What you will do = Transcribe the listing exactly, so that nothing but the pictures is missing.

Data segment =
_ _ _ _
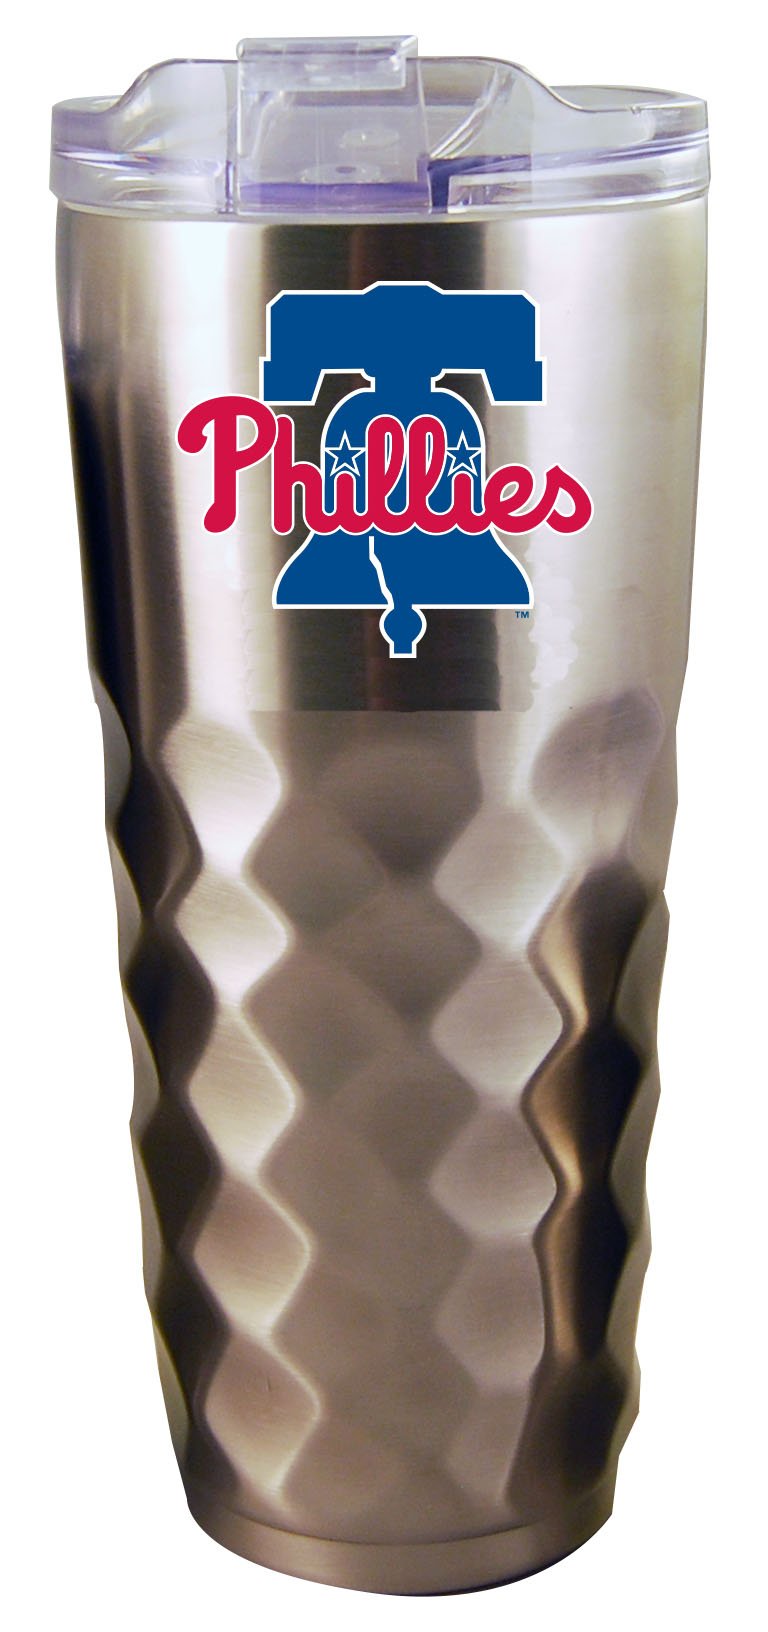 32OZ SS DIAMD TMBLR PHILLIES
CurrentProduct, Drinkware_category_All, MLB, Philadelphia Phillies, PPH
The Memory Company
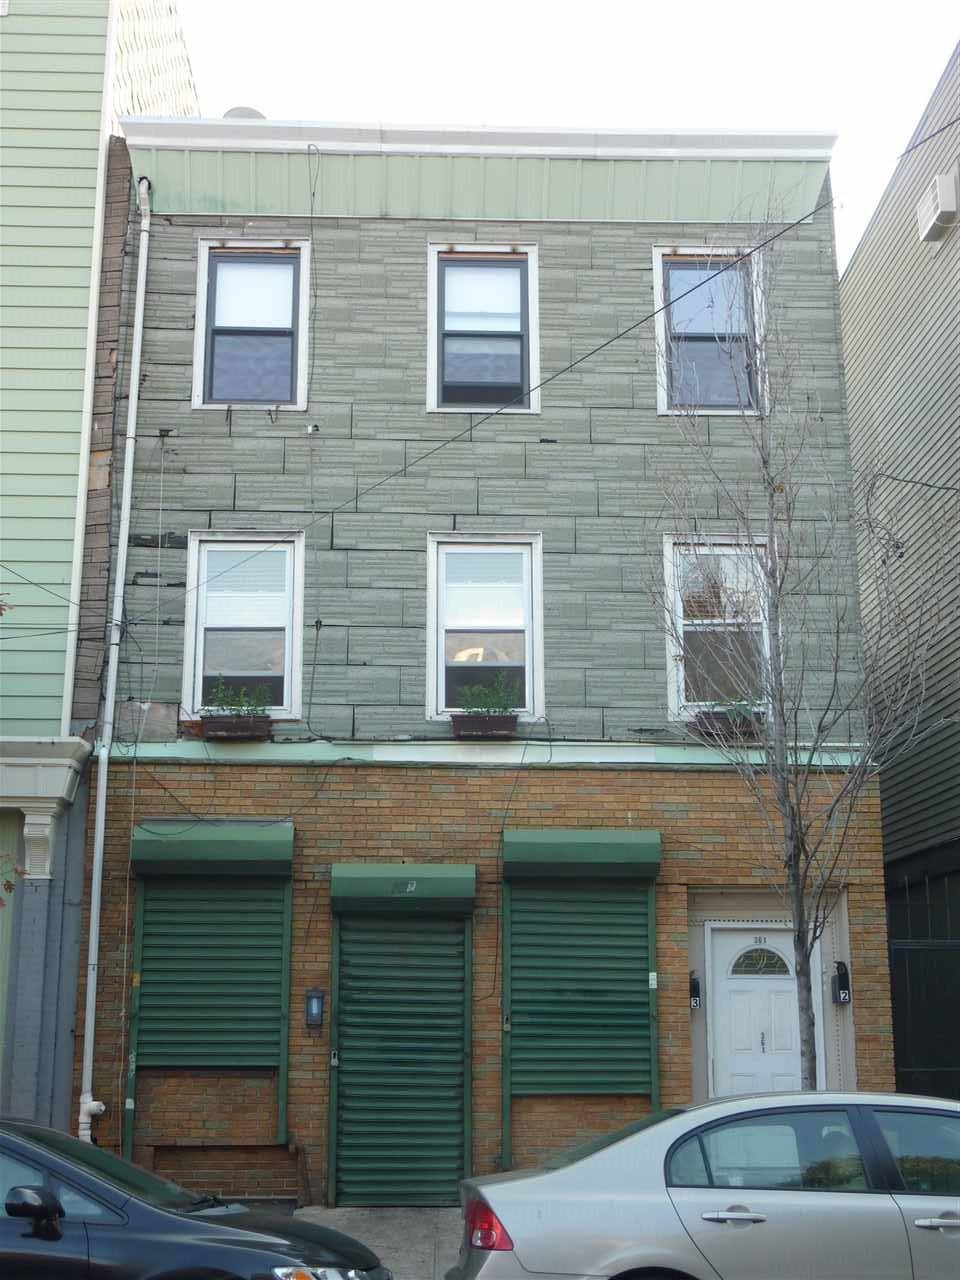 Turnkey investment opportunity downtown JC just 1/2 block off Newark Ave
_ _ _ _
Response =
 32OZ SS DIAMD TMBLR PHILLIES
CurrentProduct, Drinkware_category_All, MLB, Philadelphia Phillies, PPH
The Memory Company
 Turnkey investment opportunity downtown JC just 1/2 block off Newark Ave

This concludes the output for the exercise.